Proteomics and genomics technologies offer tremendous promise for comprehensively characterizing immune responses as well as generating and testing new hypotheses related to pathophysiology and basic cell biology. In the area of genomics, researchers routinely profile thousands of mRNA species using DNA microarrays. In the relatively new field of proteomics, however, improved methods for analyzing specific proteins in a high-throughput manner are still needed. One rapidly evolving branch of biased proteomics screening technologies is the protein array platform. There are many varieties of protein arrays designed to target different proteomes. Here we report three independent studies that focus both on developing new protein array platforms as well as extending existing technology to investigate innate and adaptive immune responses.

In the first study we describe a new multi-analyte fluid-phase protein array termed high-throughput immunophenotyping using transcription (HIT). Although there are many potential applications for the HIT platform, here we report suitability for profiling cytokines, intracellular signal-transduction molecules, and cell-surface markers. Using HIT we successfully profiled 90 surface markers on human naive T helper (T_H) cells activated in vitro under various conditions to identify both known and previously unrecognized surface marker changes. Due to the flexibility and multiplexing capacity of this technique, HIT arrays are an ideal platform for rapidly identifying markers for further characterization.

The second study relates to profiling autoantibodies on antigen microarrays. Antigen microarrays are a powerful method of profiling the humoral immune response in the setting of autoimmunity, allergy, and cancer. We evaluated a new two-color Fab labeling method that allows two samples to be applied simultaneously to the same antigen array. Using this technique we profiled serum from a mouse model of systemic lupus erythematosus (SLE) and detected a previously unrecognized reactivity to Ribosomal P. This straightforward labeling approach improves reproducibility and reliably detects changes in autoantibody levels.

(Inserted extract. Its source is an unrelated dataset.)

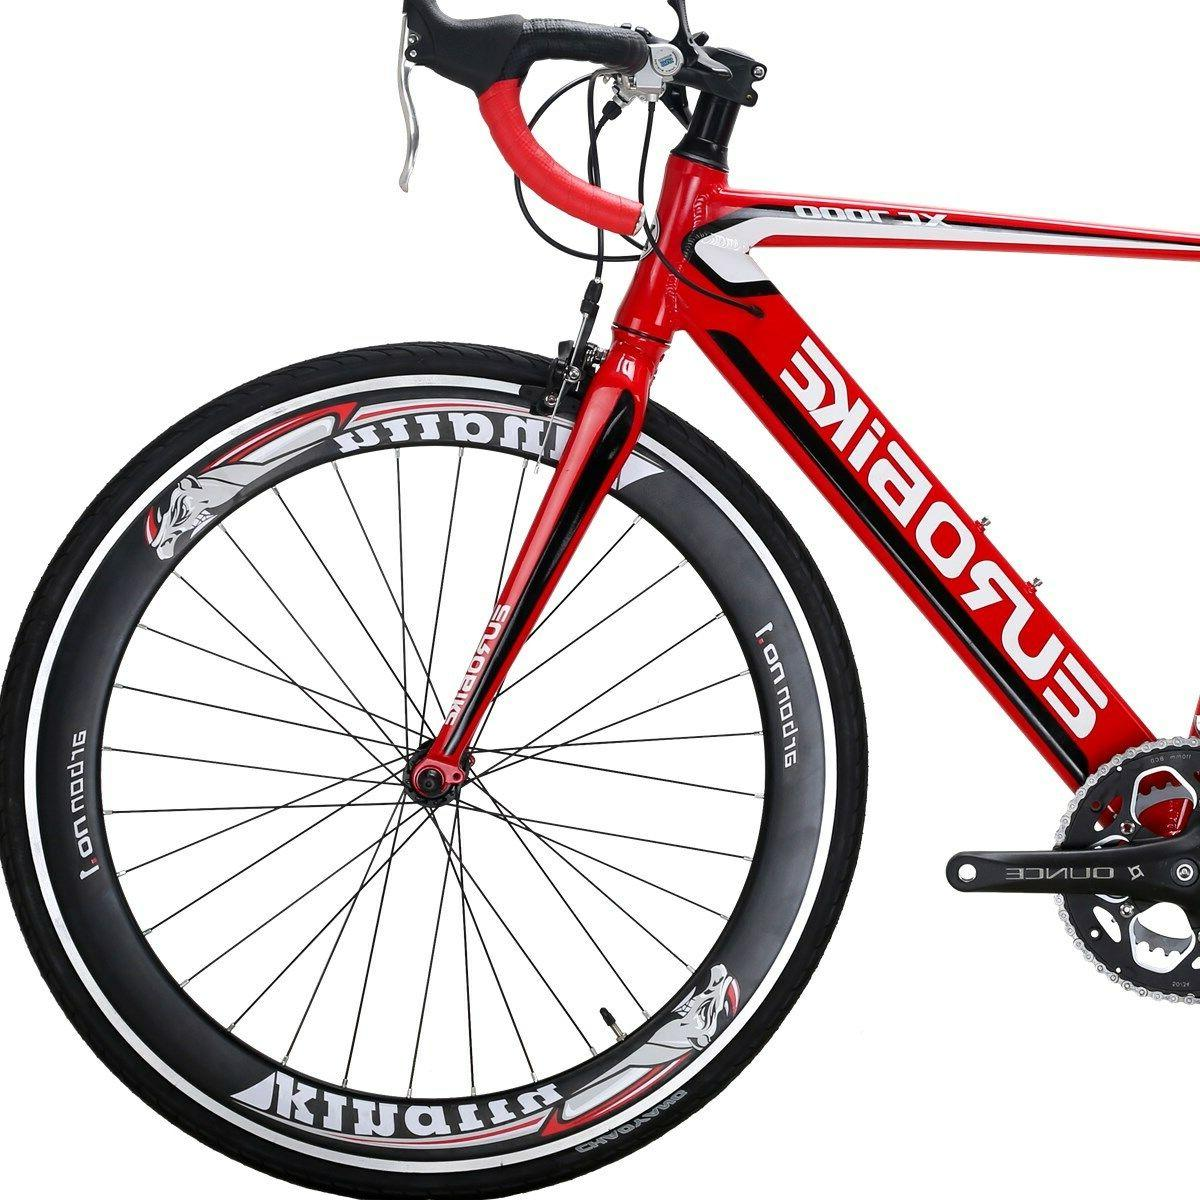 Road bike Frame 14 Complete bicycle 54CM

Finally, in the third study we employed a different multiplexed technology for studying human IL-17 secreting T helper (T_H17) cells. T _H17 cells are implicated in the pathogenesis of rheumatoid arthritis and other autoimmune diseases, yet the soluble factors that influence human T_H17 differentiation have yet to be fully elucidated. Supernatants from human peripheral blood mononuclear cells (PBMCs) treated with a panel of TLR agonists were tested for the ability to induce de novo IL-17 production in naive T_H cells. Multiplexed analysis of 22 cytokines and chemokines identified a 6-factor cytokine signature that significantly correlated with IL-17 inducing activity. Activation in the presence of a subset of these cytokines reconstituted robust IL-17 production. We conclude that ligation of a subset of TLRs generates pro-inflammatory cytokines that combine to potentiate human T_H17 differentiation.

Taken together, these data demonstrate the utility of protein array platforms for analyzing immune responses, identifying biomarkers, and generating hypotheses. High-content screens using protein arrays require small amounts of biological material and generate large amounts of data. As a result, these methods promise to accelerate the identification of potential molecular targets for therapeutic interventions.